Conductance is the inverse of resistance.  In a hemodynamic model, a conductance curve is generated with pressure on the x-axis and flow on the y-axis [Figure 1]; the slope of the line, is conductance.  While simply the mathematical inverse of resistance, I prefer to use ‘conductance’ because it sheds the cognitive baggage that clings to ‘resistance.’  That is, ‘resistance’ conjures an image of constricting and dilating vessels.  No doubt, pre-capillary arteriolar constriction decreases flow per unit pressure and the conductance curve shifts down [8].  But there is more to conductance than cross-sectional vessel area!  For example, stiffening a vessel decreases flow per unit pressure.  This is why, in an experimental model, reinforcing the aorta with plastic decreases conductance [increases resistance] without any change in vessel diameter [9].  It’s also why the pulmonary vascular circulation can recruit and dilate in response to high pulmonary artery occlusion pressure – yet have diminished conductance [i.e. because the vessels stiffen at their elastic limit] [10].

Conductance & Time

Yet another assumption collides with the aforementioned and it stems from how we calculate flow. Tissue flow [volume per time] is calculated as the product of stroke volume [volume per cycle] and heart rate [cycles per minute]; this is true if, and only if, the tissue bed receives volume throughout the entire cycle [i.e. during systole and diastole].  Accordingly, if tissue preferentially accepts volume during a specific portion of the cardiac cycle, then the direct relationship between flow and cycle rate falls apart.  Why?  Because as heart rate changes so too does the proportion of systole and diastole [11, 12].

Figure 1: Hypothetical effect of heart rate on diastolic time fraction [Tdf] and conductance. The effect of increasing heart rate [HR] from point 1 to 2 on the inset shows large drop in Tdf. This effect decreases subendocardial conductance [slope of light line blue lines]. Thus, tissue flow [y-axis] falls to point 2 secondary to high heart rate. Healthy hearts can blunt the effect of decreased Tdf by vasodilation [which increases conductance] and also, increased heart rate tends to raise diastolic pressure, elevating the x-axis. During septic shock, however, as diastolic pressure falls, especially with high heart rate [i.e. high DSI], perfusion falls to point 3. Pc is closing pressure and assumed constant for clarity.

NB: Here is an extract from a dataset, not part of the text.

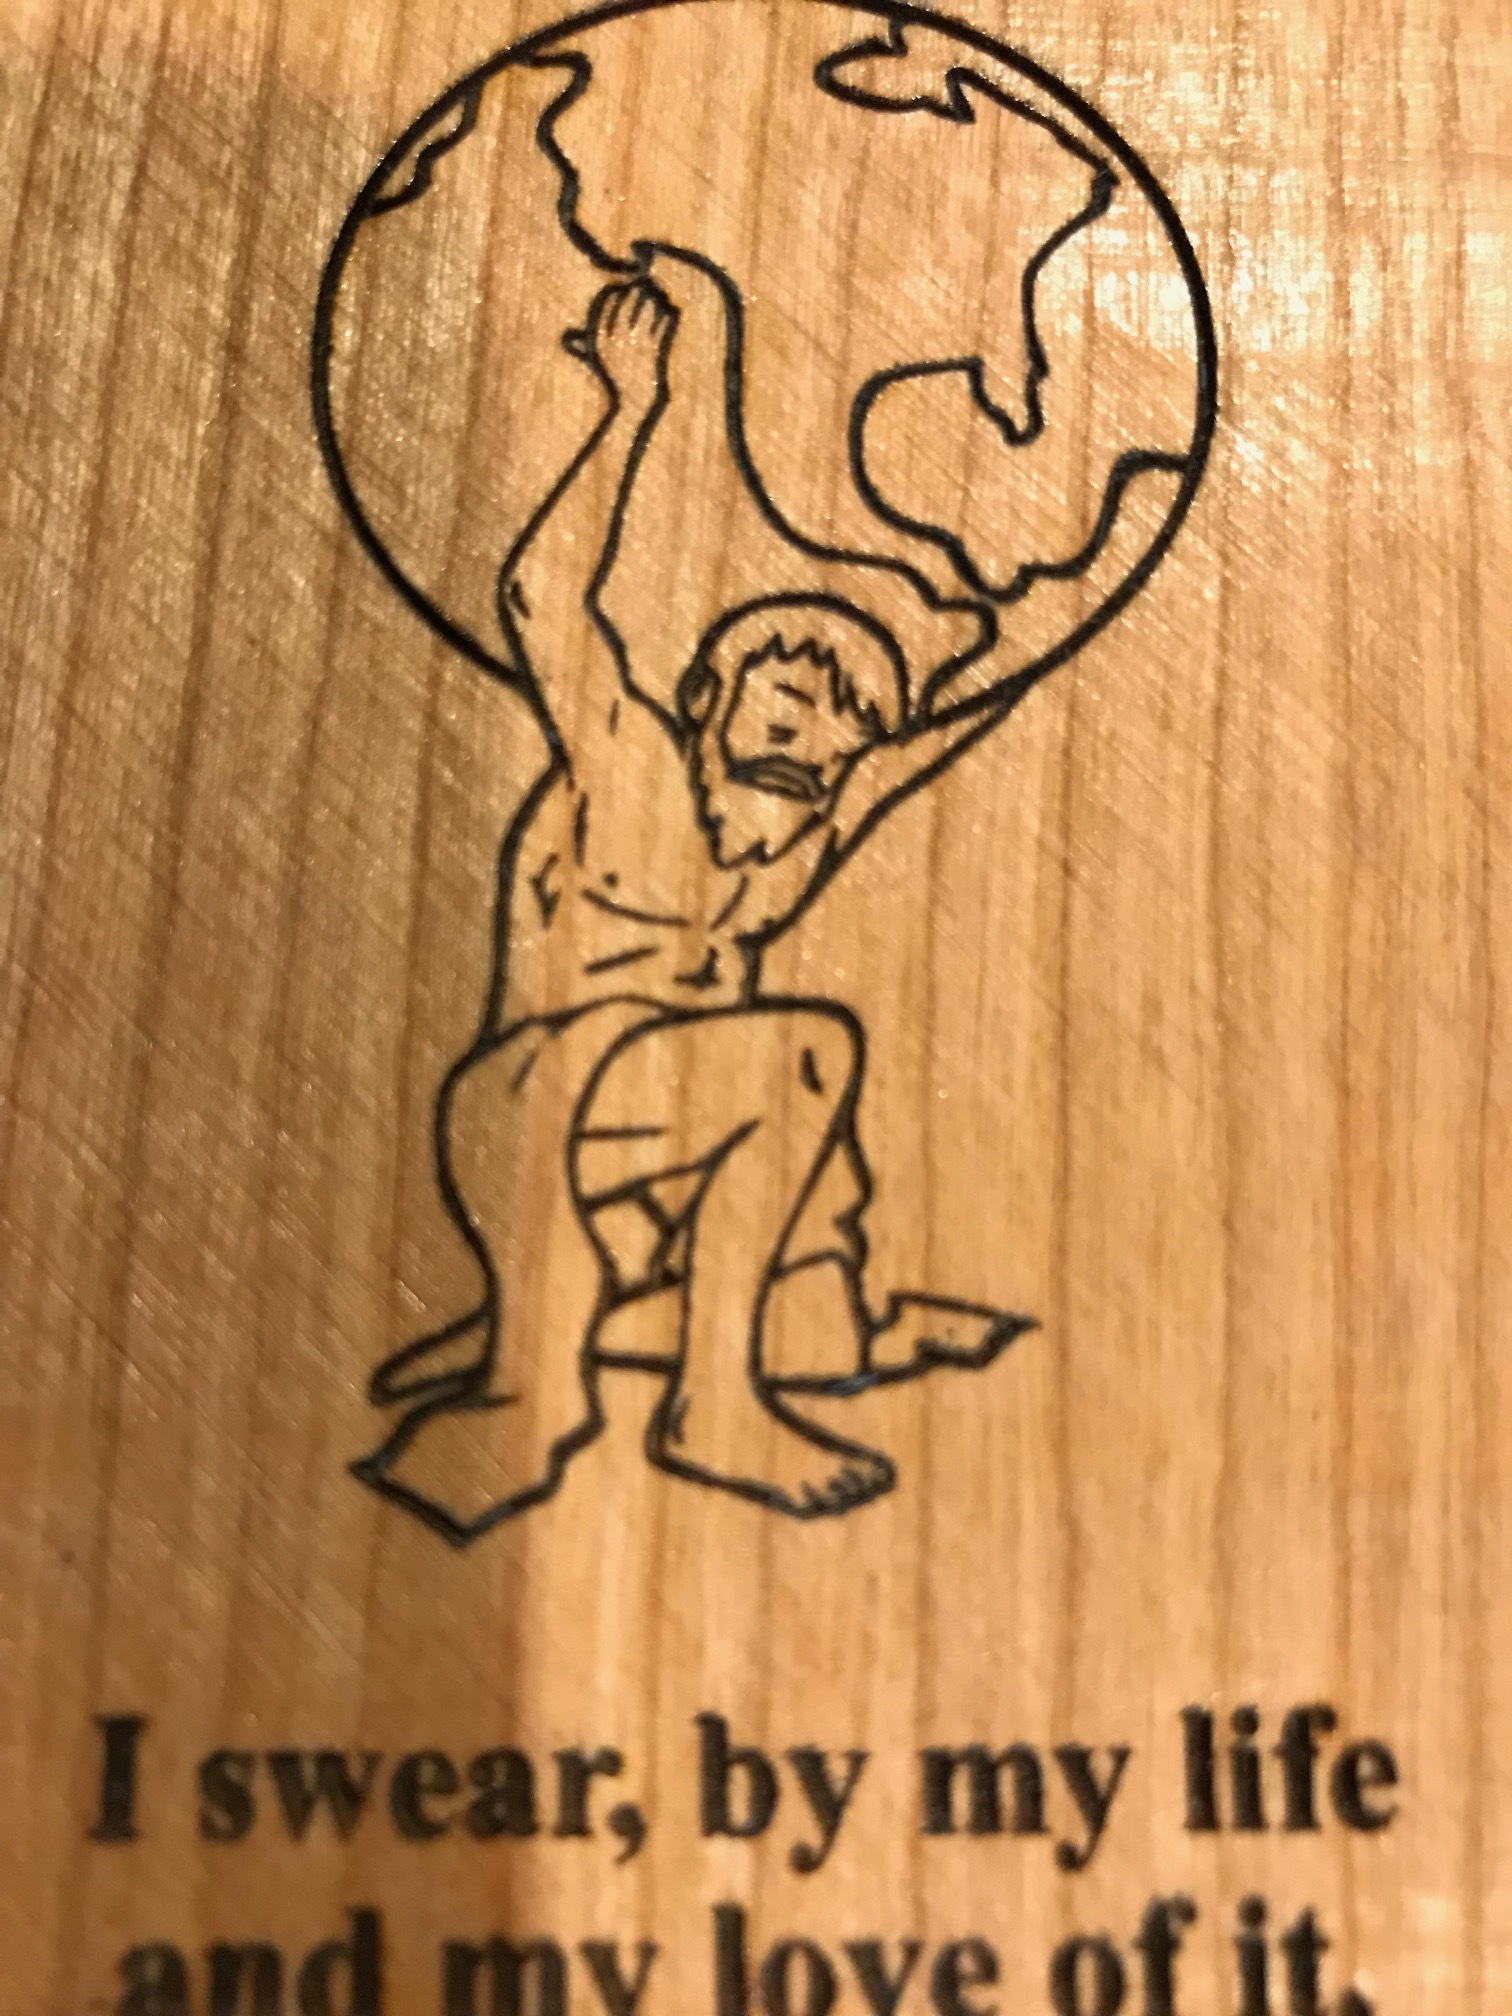 Filling in engraving on wood!

Consider the subendocardium and the midmyocardium.  During systole, blood volume is emptied from these portions of the heart muscle [13-15]; they are re-perfused during cardiac relaxation.  In other words, these subcomponents of the myocardium preferentially receive blood flow during diastole.  Thus, their perfusion is described by the diastolic pressure gradient [i.e. coronary diastolic pressure less left ventricular diastolic pressure] and the fraction of time spent in diastole [13-15].  Indeed, when coronary perfusion is impaired, its vascular conductance is increased not just by vessel dilation, but also by preferentially prolonging the fraction of time spent in diastole, even when heart rate is held constant [16]!  By contrast, the conductance of the subendocardium decreases the most by shortened diastolic fraction compared to the midmyocardium, while the subepicardium is independent of diastolic time fraction [14].  Thus, studies of human septic shock showing increased coronary conductance, blood flow and diminished oxygen extraction [17, 18] could, possibly, be explained by preferential flow through the subepicardium and into the coronary sinus [19].  Increased subepidcardial-to-subendocardial blood flow secondary to heart rate elevation is well-described [15, 20, 21].  This is important because starved subendocardium contributes to cardiac dysfunction [22], which is observed in septic shock.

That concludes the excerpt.